The difficult part is that one have to use additional space to memorize the next level to traverse, and that grows with n.
由于我们没有放置任何限制的一部分时间,也许有一些低效率(在时间上)的方式,可以做到这一点?
Since we haven't place any limitation on the time part, maybe there are some inefficient (in terms of time) ways that can achieve this?
你知道吗?
推荐答案
这是要依赖于一些更细致的定义,例如,如果边缘有反向链接。然后,它很容易,因为你可以按照一个返回链接了树。否则,我不能想办法做到这一点不为O(LG的的节点数</ em>的)空间了手,因为你需要记住至少节点上面。
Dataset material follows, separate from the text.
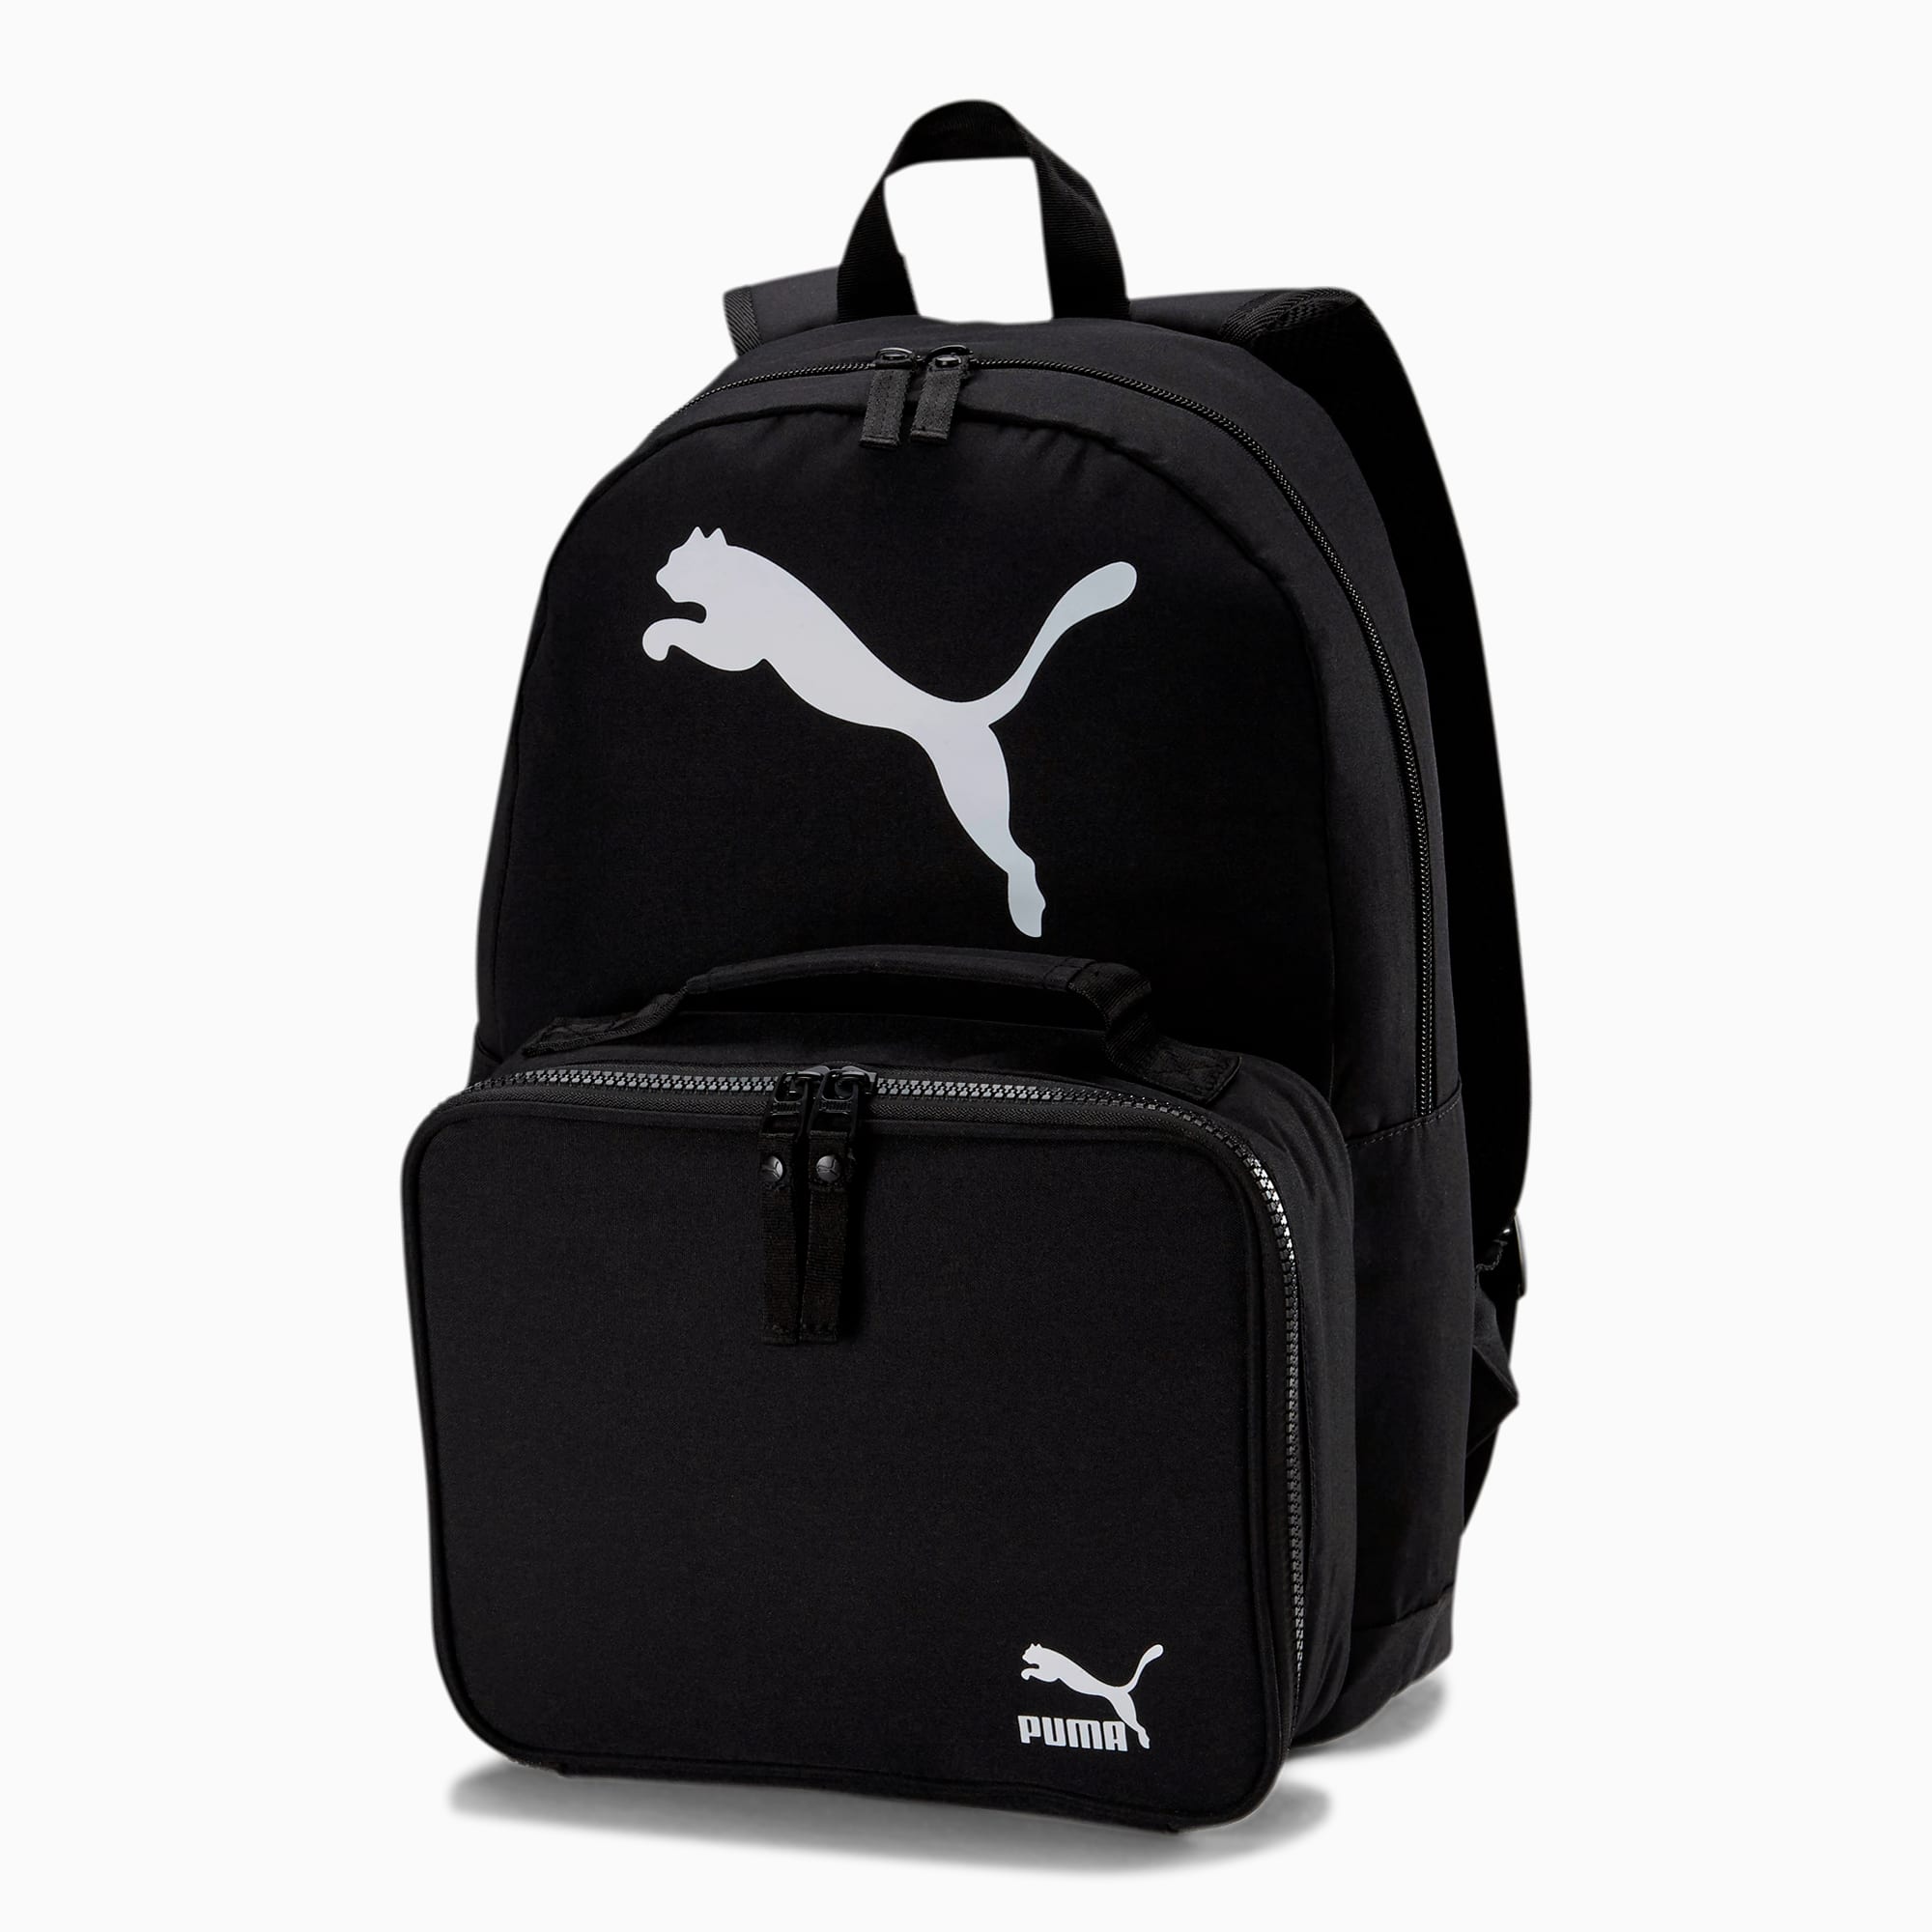 puma backpack with lunch bag

This is going to depend on some finer-grained definitions, for example if the edges have back-links. Then it's easy, because you can just follow a back link up the tree. Otherwise I can't think off hand of a way to do it without O(lg number of nodes) space, because you need to remember at least the nodes "above".
更新
哦,等等,当然也可以为O完成(1)的空格的具有时空交易。无处不在,你会想要做一个反向链接,您可以节省你的地方,做BFS,跟踪最新的节点,直到你找到你的。然后备份到最近访问节点,并继续进行。
Oh wait, of course it can be done in O(1) space with a space time trade. Everywhere you would want to do a back link, you save your place and do BFS, tracking the most recent node, until you find yours. Then back up to the most recently visited node and proceed.
但问题是,这是O(1)空间,但为O(n ^ 2)的时间。
Problem is, that's O(1) space but O(n^2) time.
另一个更新
让我们假设我们已经达到节点n_i,我们要达到这个节点,我们称之为WLG n_j的父母。我们已经确定了杰出的根节点n_0。
Let's assume that we've reached node n_i, and we want to reach the parent of that node, which we'll call wlg n_j. We have identified the distinguished root node n_0.
修改呼气优先搜索算法,这样,当它跟随有向边(n_x,n_y),传出或呼入节点被存储。因此,当你跟随(n_x,n_y),为您节省n_x。
Modify the breath-first search algorithm so that when it follows a directed edge (n_x,n_y), the efferent or "incoming" node is stored. Thus when you follow (n_x,n_y), you save n_x.
当你再次从n_0开始BFS,可以保证(假设它确实是一棵树),在某些时候,你会过渡的边缘(n_j,n_i)。在这一点上,你看到你回到n_i。你已经存储n_j,并让你知道反向边缘(n_i,n_j)。
When you start the BFS again from n_0, you are guaranteed (assuming it really is a tree) that at SOME point, you will transition the edge (n_j,n_i). At that point you observe you're back at n_i. You've stored n_j and so you know the reverse edge is (n_i,n_j).
因此,你只需要使用两个额外的电池,一个用于n_0,一个用于拯救节点单原路返回。这是O(1)
Thus, you get that single backtrack with only two extra cells, one for n_0 and one for the "saved" node. This is O(1)
我不那么肯定为O(n ^ 2) - 它的晚,它是一个艰难的一天,所以我不希望组成一个证明。我敢肯定,这是O((| N | + | E |)^ 2)其中,| N |和| E |是顶点和边分别集合的大小。
I'm not so sure of O(n^2) -- it's late and it's been a hard day so I don't want to compose a proof. I'm sure it's O((|N|+|E|)^2) where |N| and |E| are the size of the sets of vertices and edges respectively.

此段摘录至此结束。